__About this exercise__:
For the listing below, the answer is an exact retyping of the lines from the one with "Crosswater Plug & Chain Basin Waste" through the one with "XtremepowerUS Inline Duct", both included, without pictures.

__Record excerpts__:
****
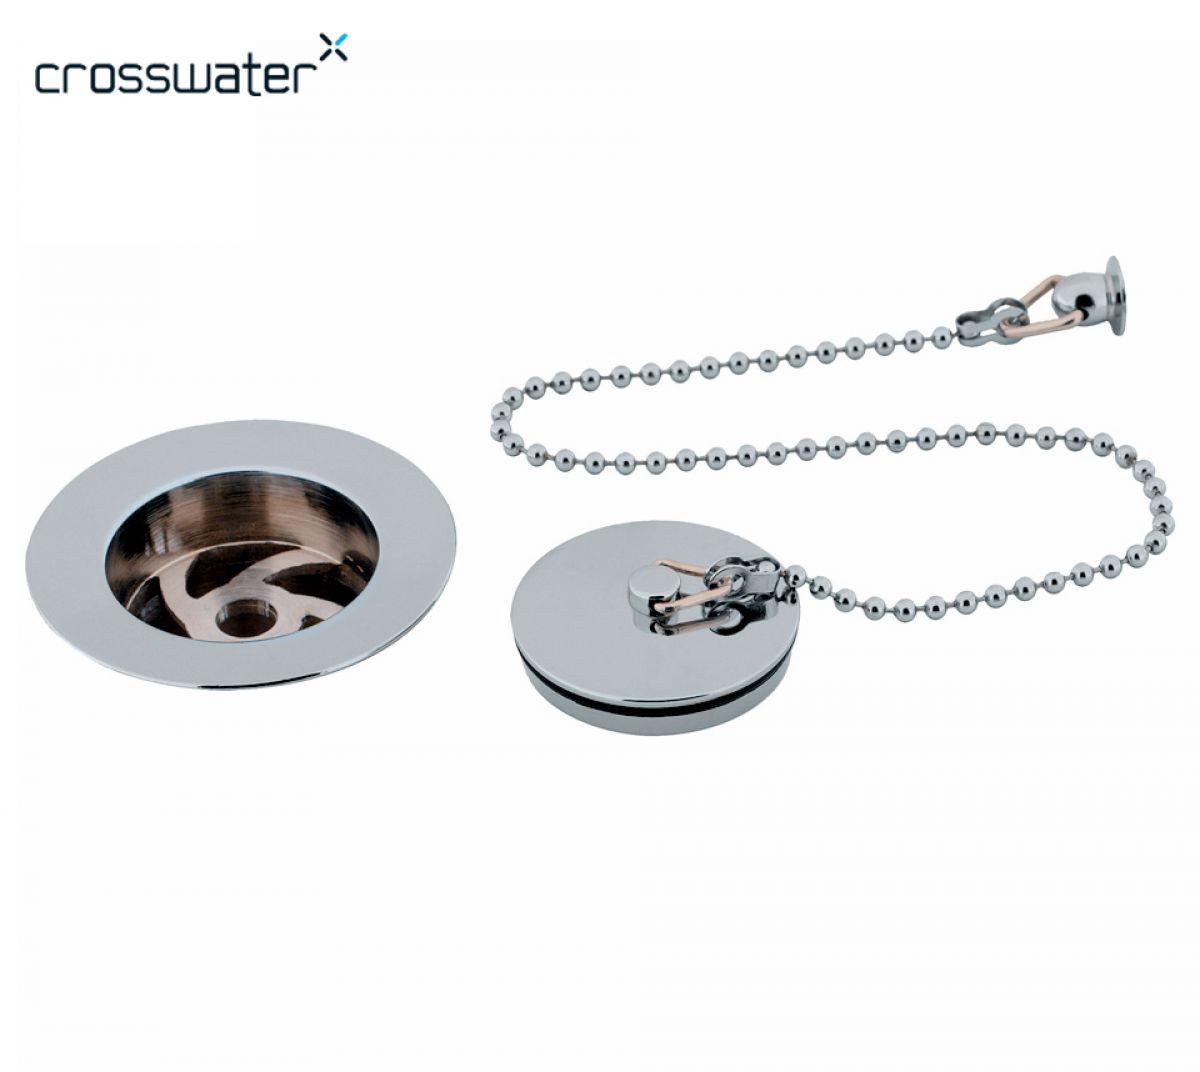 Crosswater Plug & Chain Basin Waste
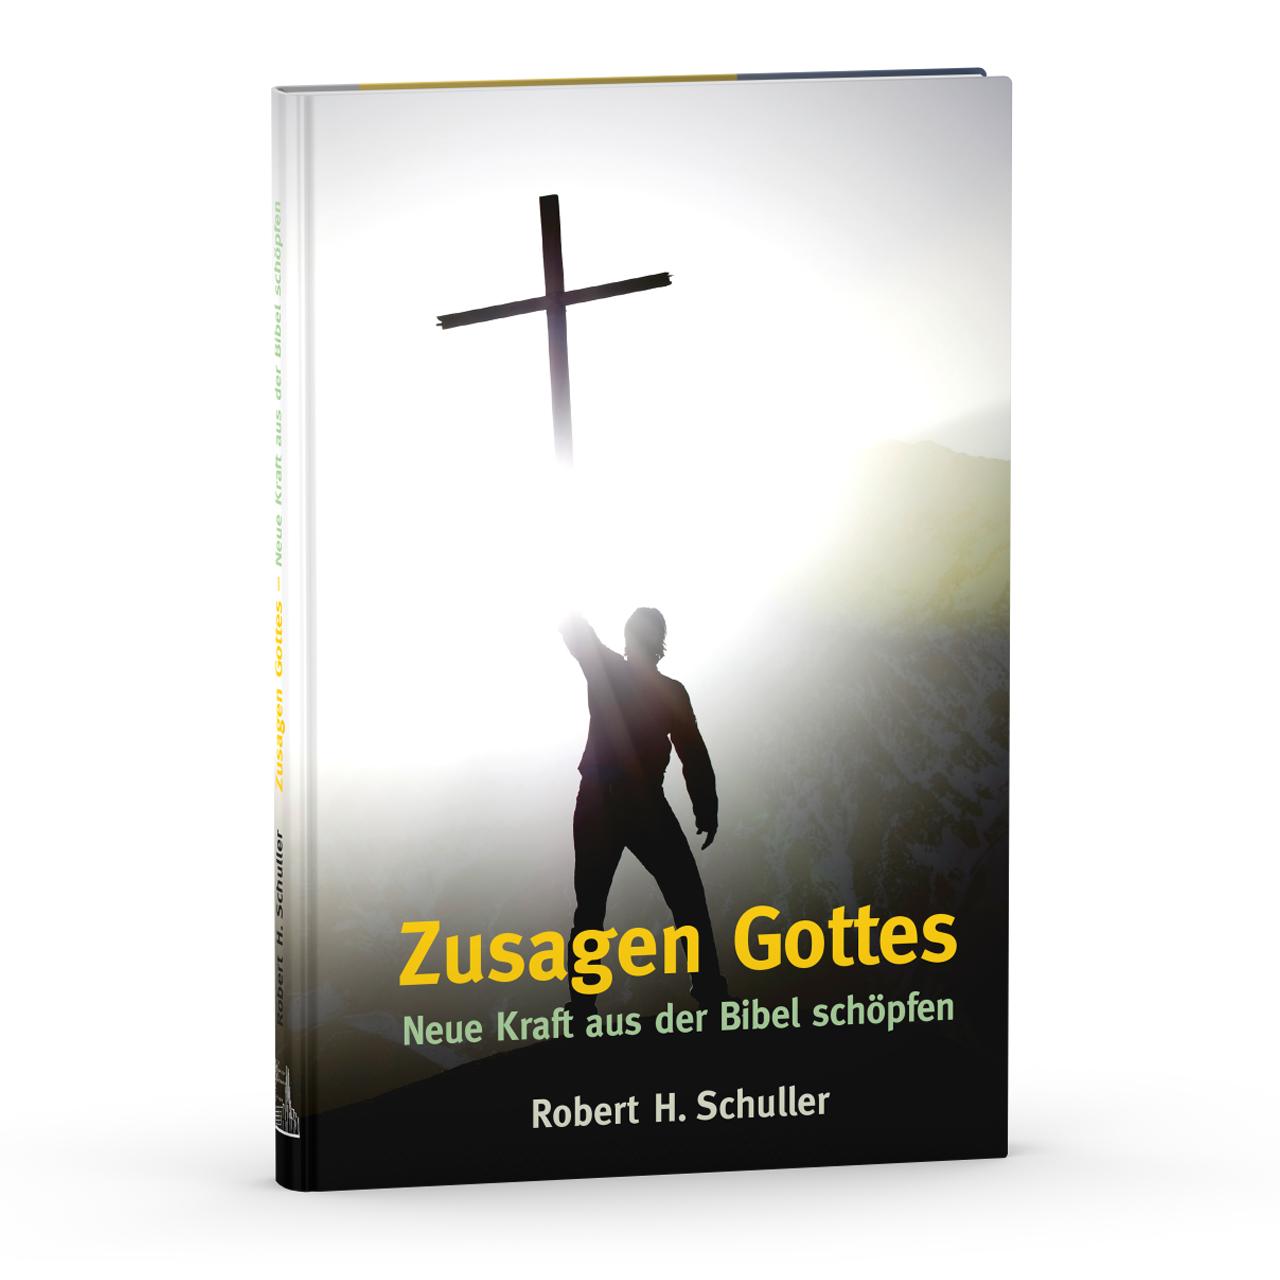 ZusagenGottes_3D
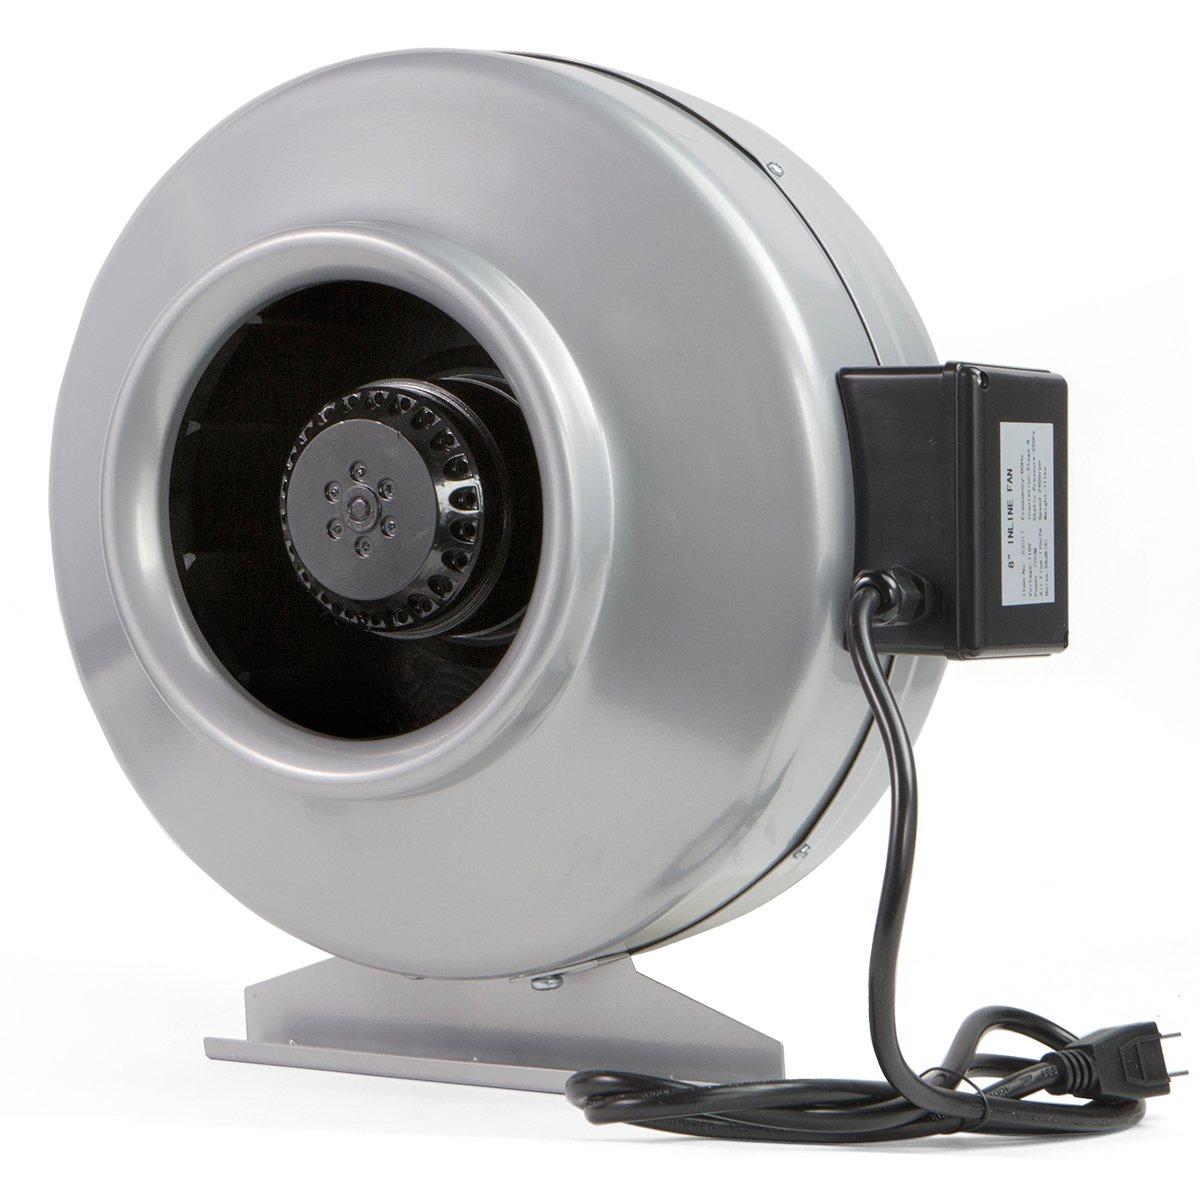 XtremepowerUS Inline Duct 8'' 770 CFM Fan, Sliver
****
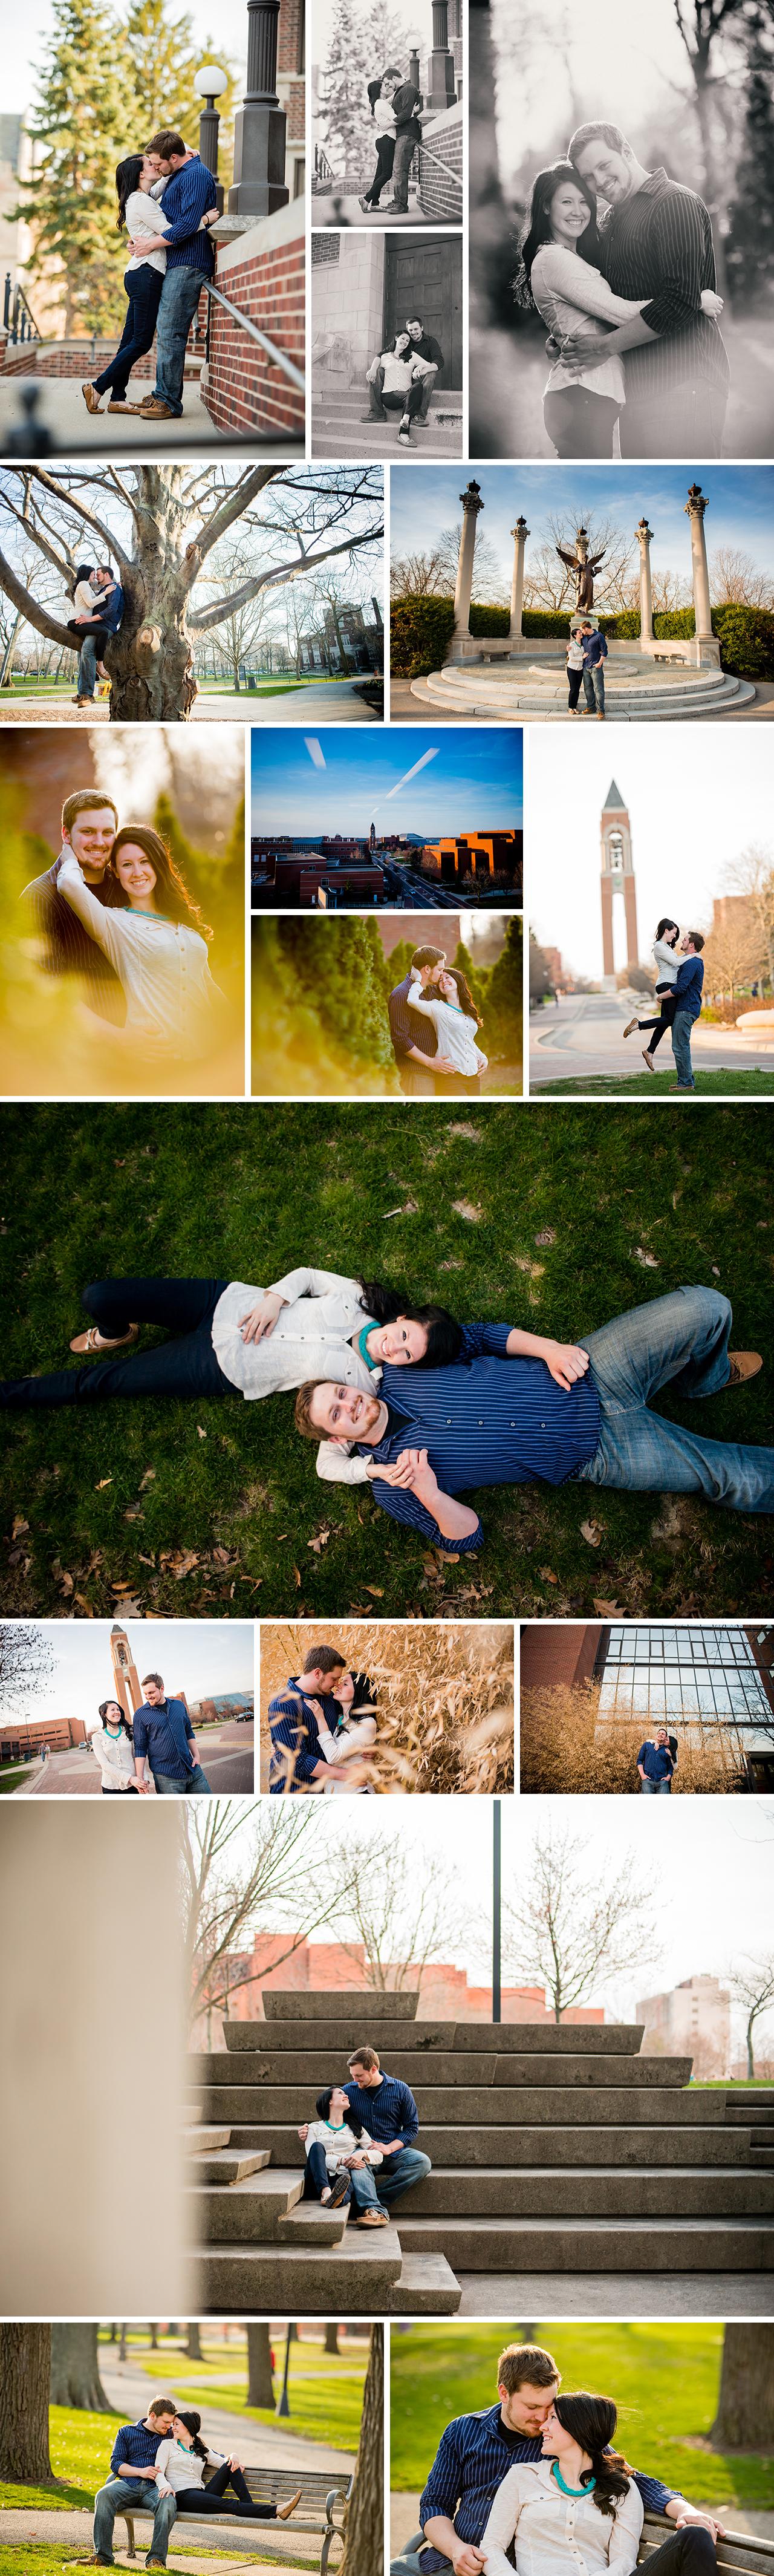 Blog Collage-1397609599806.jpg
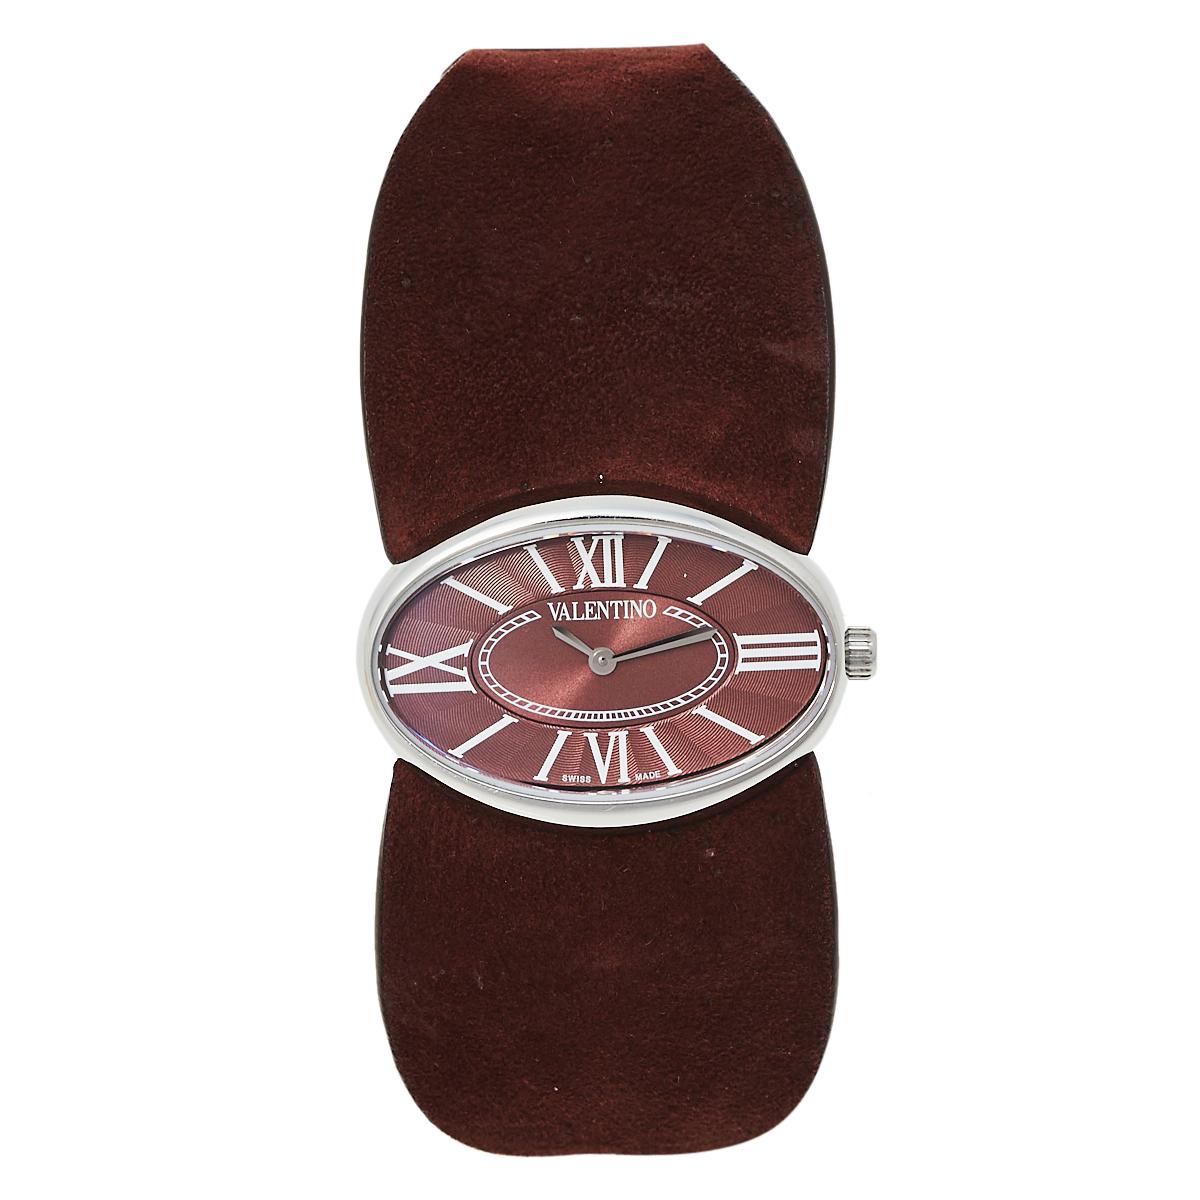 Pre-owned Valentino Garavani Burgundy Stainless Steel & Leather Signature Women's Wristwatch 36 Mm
****
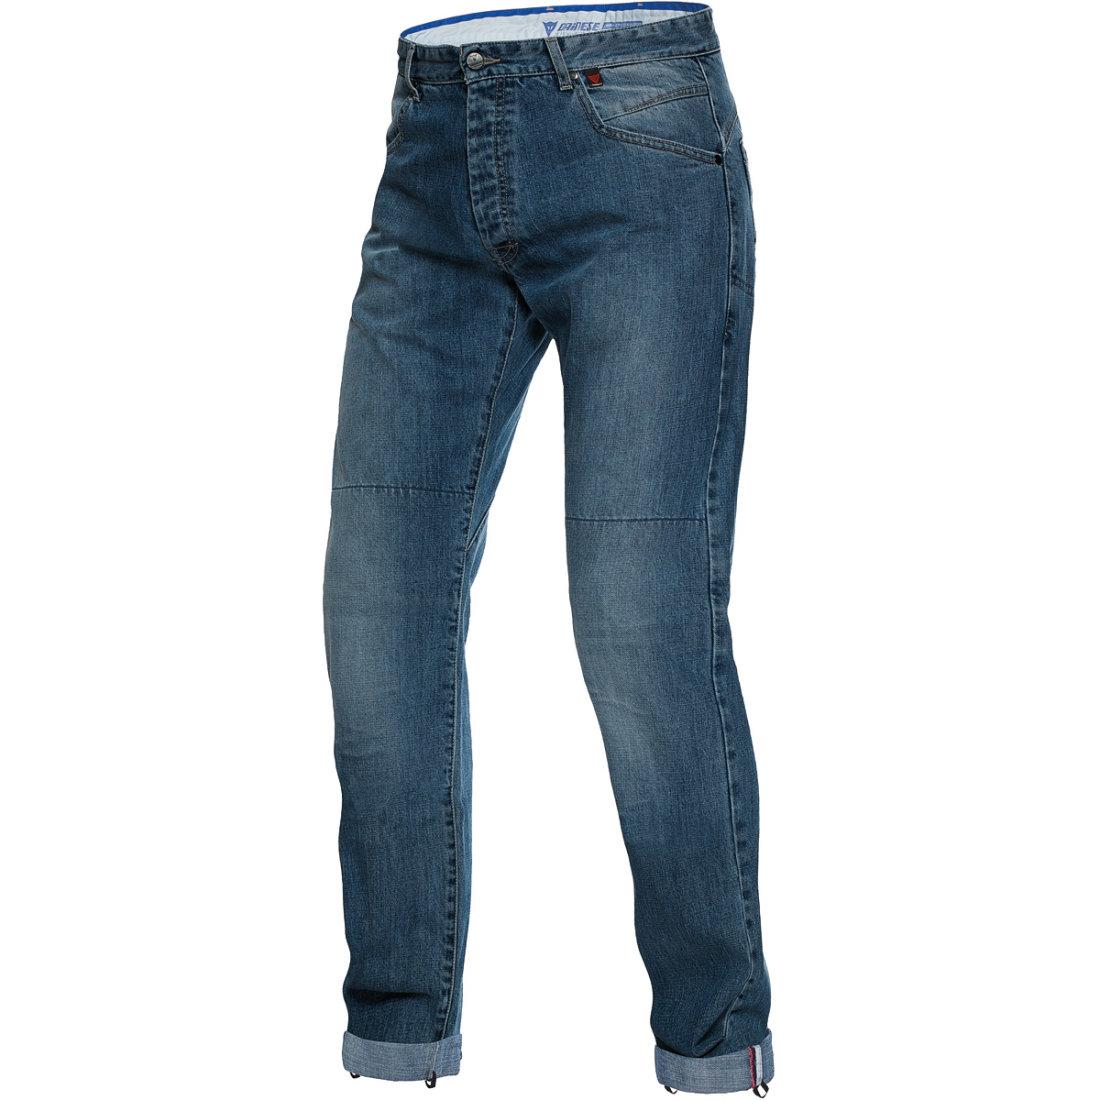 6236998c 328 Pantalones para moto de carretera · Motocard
****
__Completed exercise__:
 Crosswater Plug & Chain Basin Waste
 ZusagenGottes_3D
 XtremepowerUS Inline Duct 8'' 770 CFM Fan, Sliver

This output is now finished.